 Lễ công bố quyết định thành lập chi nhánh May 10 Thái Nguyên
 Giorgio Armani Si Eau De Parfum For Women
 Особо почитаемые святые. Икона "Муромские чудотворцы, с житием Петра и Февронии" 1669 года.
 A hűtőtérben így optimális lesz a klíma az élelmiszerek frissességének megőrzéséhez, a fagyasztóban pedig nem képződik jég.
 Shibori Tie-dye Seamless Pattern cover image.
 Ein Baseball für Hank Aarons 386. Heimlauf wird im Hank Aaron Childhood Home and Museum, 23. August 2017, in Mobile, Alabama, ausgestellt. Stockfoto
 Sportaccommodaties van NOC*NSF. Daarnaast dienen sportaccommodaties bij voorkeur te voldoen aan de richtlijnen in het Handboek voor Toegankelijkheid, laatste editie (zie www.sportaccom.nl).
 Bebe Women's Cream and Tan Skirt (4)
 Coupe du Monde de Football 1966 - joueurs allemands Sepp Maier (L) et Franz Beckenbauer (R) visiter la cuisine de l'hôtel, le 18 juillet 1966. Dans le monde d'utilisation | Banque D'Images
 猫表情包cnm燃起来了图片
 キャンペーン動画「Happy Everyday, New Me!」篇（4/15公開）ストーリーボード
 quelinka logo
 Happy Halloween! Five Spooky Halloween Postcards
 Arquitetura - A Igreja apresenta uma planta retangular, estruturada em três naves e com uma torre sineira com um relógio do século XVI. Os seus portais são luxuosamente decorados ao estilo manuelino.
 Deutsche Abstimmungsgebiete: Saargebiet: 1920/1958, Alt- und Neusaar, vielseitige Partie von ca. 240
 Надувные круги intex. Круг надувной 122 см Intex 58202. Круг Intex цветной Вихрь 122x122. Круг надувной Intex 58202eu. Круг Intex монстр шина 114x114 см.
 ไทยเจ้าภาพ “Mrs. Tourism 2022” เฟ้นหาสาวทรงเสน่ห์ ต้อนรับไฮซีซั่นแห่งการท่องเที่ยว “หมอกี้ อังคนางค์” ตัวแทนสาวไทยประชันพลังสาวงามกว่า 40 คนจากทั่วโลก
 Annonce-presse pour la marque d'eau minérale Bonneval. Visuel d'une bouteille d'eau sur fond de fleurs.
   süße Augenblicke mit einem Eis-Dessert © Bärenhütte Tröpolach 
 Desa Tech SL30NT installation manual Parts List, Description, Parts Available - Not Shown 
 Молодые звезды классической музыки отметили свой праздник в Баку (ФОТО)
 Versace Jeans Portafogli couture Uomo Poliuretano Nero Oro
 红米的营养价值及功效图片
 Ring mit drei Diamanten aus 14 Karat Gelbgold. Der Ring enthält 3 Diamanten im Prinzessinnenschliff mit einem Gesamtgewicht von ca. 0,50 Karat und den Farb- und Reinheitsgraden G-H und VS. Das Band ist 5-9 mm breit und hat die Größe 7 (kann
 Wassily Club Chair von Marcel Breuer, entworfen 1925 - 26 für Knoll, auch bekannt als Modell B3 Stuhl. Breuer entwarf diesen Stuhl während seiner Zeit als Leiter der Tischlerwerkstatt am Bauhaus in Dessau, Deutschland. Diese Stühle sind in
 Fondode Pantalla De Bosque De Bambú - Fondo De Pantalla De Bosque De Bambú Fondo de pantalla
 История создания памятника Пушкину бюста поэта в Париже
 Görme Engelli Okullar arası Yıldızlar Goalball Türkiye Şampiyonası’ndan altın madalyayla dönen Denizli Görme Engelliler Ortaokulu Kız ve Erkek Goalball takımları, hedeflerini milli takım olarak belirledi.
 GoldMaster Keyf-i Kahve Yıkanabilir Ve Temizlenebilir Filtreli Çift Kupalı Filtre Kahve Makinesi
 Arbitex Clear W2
▬▬▬▬▬▬
▶ **What to work on**:
The full set of records is to be written out once more, word for word.

▶ **Solution**:
 Lễ công bố quyết định thành lập chi nhánh May 10 Thái Nguyên
 Giorgio Armani Si Eau De Parfum For Women
 Особо почитаемые святые. Икона "Муромские чудотворцы, с житием Петра и Февронии" 1669 года.
 A hűtőtérben így optimális lesz a klíma az élelmiszerek frissességének megőrzéséhez, a fagyasztóban pedig nem képződik jég.
 Shibori Tie-dye Seamless Pattern cover image.
 Ein Baseball für Hank Aarons 386. Heimlauf wird im Hank Aaron Childhood Home and Museum, 23. August 2017, in Mobile, Alabama, ausgestellt. Stockfoto
 Sportaccommodaties van NOC*NSF. Daarnaast dienen sportaccommodaties bij voorkeur te voldoen aan de richtlijnen in het Handboek voor Toegankelijkheid, laatste editie (zie www.sportaccom.nl).
 Bebe Women's Cream and Tan Skirt (4)
 Coupe du Monde de Football 1966 - joueurs allemands Sepp Maier (L) et Franz Beckenbauer (R) visiter la cuisine de l'hôtel, le 18 juillet 1966. Dans le monde d'utilisation | Banque D'Images
 猫表情包cnm燃起来了图片
 キャンペーン動画「Happy Everyday, New Me!」篇（4/15公開）ストーリーボード
 quelinka logo
 Happy Halloween! Five Spooky Halloween Postcards
 Arquitetura - A Igreja apresenta uma planta retangular, estruturada em três naves e com uma torre sineira com um relógio do século XVI. Os seus portais são luxuosamente decorados ao estilo manuelino.
 Deutsche Abstimmungsgebiete: Saargebiet: 1920/1958, Alt- und Neusaar, vielseitige Partie von ca. 240
 Надувные круги intex. Круг надувной 122 см Intex 58202. Круг Intex цветной Вихрь 122x122. Круг надувной Intex 58202eu. Круг Intex монстр шина 114x114 см.
 ไทยเจ้าภาพ “Mrs. Tourism 2022” เฟ้นหาสาวทรงเสน่ห์ ต้อนรับไฮซีซั่นแห่งการท่องเที่ยว “หมอกี้ อังคนางค์” ตัวแทนสาวไทยประชันพลังสาวงามกว่า 40 คนจากทั่วโลก
 Annonce-presse pour la marque d'eau minérale Bonneval. Visuel d'une bouteille d'eau sur fond de fleurs.
   süße Augenblicke mit einem Eis-Dessert © Bärenhütte Tröpolach 
 Desa Tech SL30NT installation manual Parts List, Description, Parts Available - Not Shown 
 Молодые звезды классической музыки отметили свой праздник в Баку (ФОТО)
 Versace Jeans Portafogli couture Uomo Poliuretano Nero Oro
 红米的营养价值及功效图片
 Ring mit drei Diamanten aus 14 Karat Gelbgold. Der Ring enthält 3 Diamanten im Prinzessinnenschliff mit einem Gesamtgewicht von ca. 0,50 Karat und den Farb- und Reinheitsgraden G-H und VS. Das Band ist 5-9 mm breit und hat die Größe 7 (kann
 Wassily Club Chair von Marcel Breuer, entworfen 1925 - 26 für Knoll, auch bekannt als Modell B3 Stuhl. Breuer entwarf diesen Stuhl während seiner Zeit als Leiter der Tischlerwerkstatt am Bauhaus in Dessau, Deutschland. Diese Stühle sind in
 Fondode Pantalla De Bosque De Bambú - Fondo De Pantalla De Bosque De Bambú Fondo de pantalla
 История создания памятника Пушкину бюста поэта в Париже
 Görme Engelli Okullar arası Yıldızlar Goalball Türkiye Şampiyonası’ndan altın madalyayla dönen Denizli Görme Engelliler Ortaokulu Kız ve Erkek Goalball takımları, hedeflerini milli takım olarak belirledi.
 GoldMaster Keyf-i Kahve Yıkanabilir Ve Temizlenebilir Filtreli Çift Kupalı Filtre Kahve Makinesi
 Arbitex Clear W2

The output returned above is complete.